Riley asked him if there were zombies out on the islands.
“Not that I know of.”
“Then how come you guys stay here? Why wouldn’t you have moved out to one of the islands by now?”
“My uncle prefers the mainland. Zombies ain’t so bad when you know how to deal with them.”
“Hey, Elmore, listen up,” Kevin’s voice grew very serious. “You remember what I said about someone following us, right? You keeping an eye on those kids?”
“Yeah. And thank you for that food. They enjoyed it.”
“You’re welcome.” Kevin unfastened his pack and retrieved several more freeze-dried pouches. “Here,” he offered. Elmore stepped forward this time, accepting the packages from Kevin’s hands.
“I thank you again,” Elmore said. “My uncle should be back in soon. He never stays out past dark too long.”
“Well, we’ll talk to him later on then. Or tomorrow. Goodnight.”
“Goodnight.” His blackened tooth clear in the moonlight, Elmore smiled before returning to his house and his wards.
* * *
Dee observed their melee with the undead and their conference with the kid from the window. He had not been able to hear the conversation so they related the salient points mentioned. When they told him about the island and the old lady, Dee said, “Her dogs, huh?”
“The kid’s all right.” Kevin dismissed what had earlie
r posed itself as a possible threat.
“I believe he is, Kev. But if the uncle doesn’t want to work with us, we’re still going to have to take the boat.”
“Dee, if we just take their boat, these people are screwed.”

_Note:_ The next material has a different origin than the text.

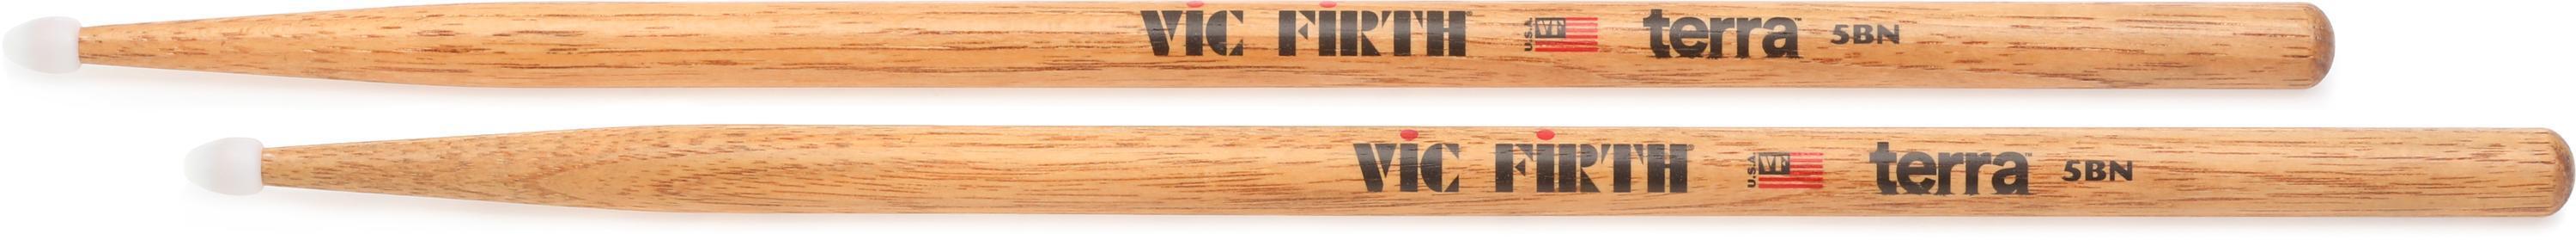 Vic Firth American Classic Terra Drumsticks - 5B Nylon Tip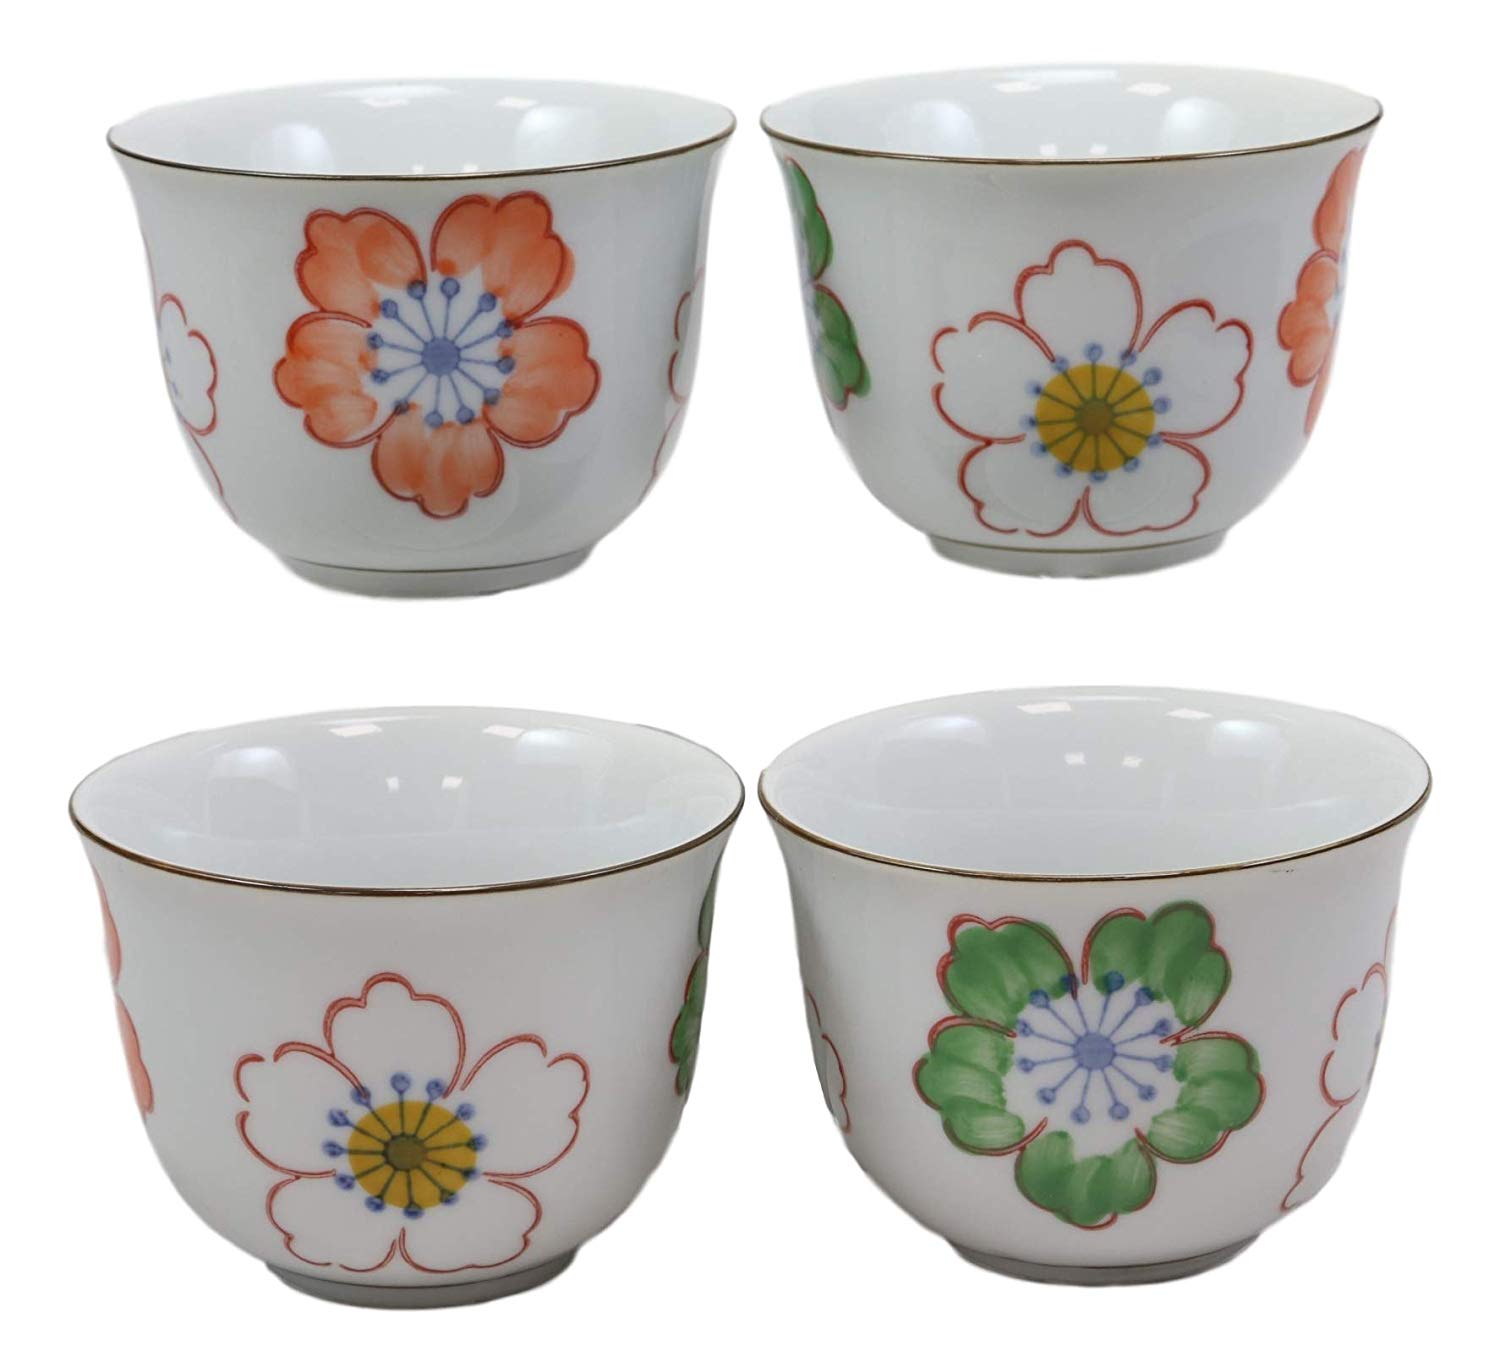 Japanese Design Colorful Botanic Floral Porcelain White Tea Pot And Cups Set - image 4 of 8

“So hopefully the uncle will be willing to work with us, Riley.”“Wonder how Bruce is doing.” Kevin stood looking out the window. “Better view of the water tower in the room next door.”
“There many Zed under the water tower?” Riley found herself wondering if the undead could climb.
“Can’t really tell from this distance.” Dee motioned futilely with the minocular. “Even with this.”
“Better view in the other room.”
“You want to move to the other room, Kev?”
“Yeah. Let’s move over there. Have a better bead on Bruce, still be able to see the house.”
“Somebody give me a hand?” Dee asked. “Please?” Riley went over to him, reaching down and helping him up. He braced himself against his FN-FAL until he could stand, then propped the rifle with its under-barrel chainsaw against the wall near the window, toothed blade up. He draped his arm around Riley’s shoulder, his other hand around his minocular and hobbled along on one leg as she supported him from the room.
Kevin gathered up their packs and rifles but was unable to lug Dee’s assault rifle on top of all he already carted. He left the room, thinking he’d come right back and get it.
The store they moved into occupied a corner of the strip mall and—as Kevin had promised—provided a better view of the water tower while the house across from them remained easily seen. They placed their gear down and spent some time at the windows, scrutinizing the night.
* * *
Kevin was snoring quietly and Riley found herself entertaining morbid thoughts. Her mind wandered back to the first city she had visited here in the Outlands, the numbers marked on each façade speaking to the corpses within. The adult skeletons on either side of the child’s bones, all in the bed. The man or woman alone in the port-a-potty. The barn. The barn. She sat up, banishing that show of horrors from her mind.
Moonlight shafted over Dee’s features at the window where he kept watch.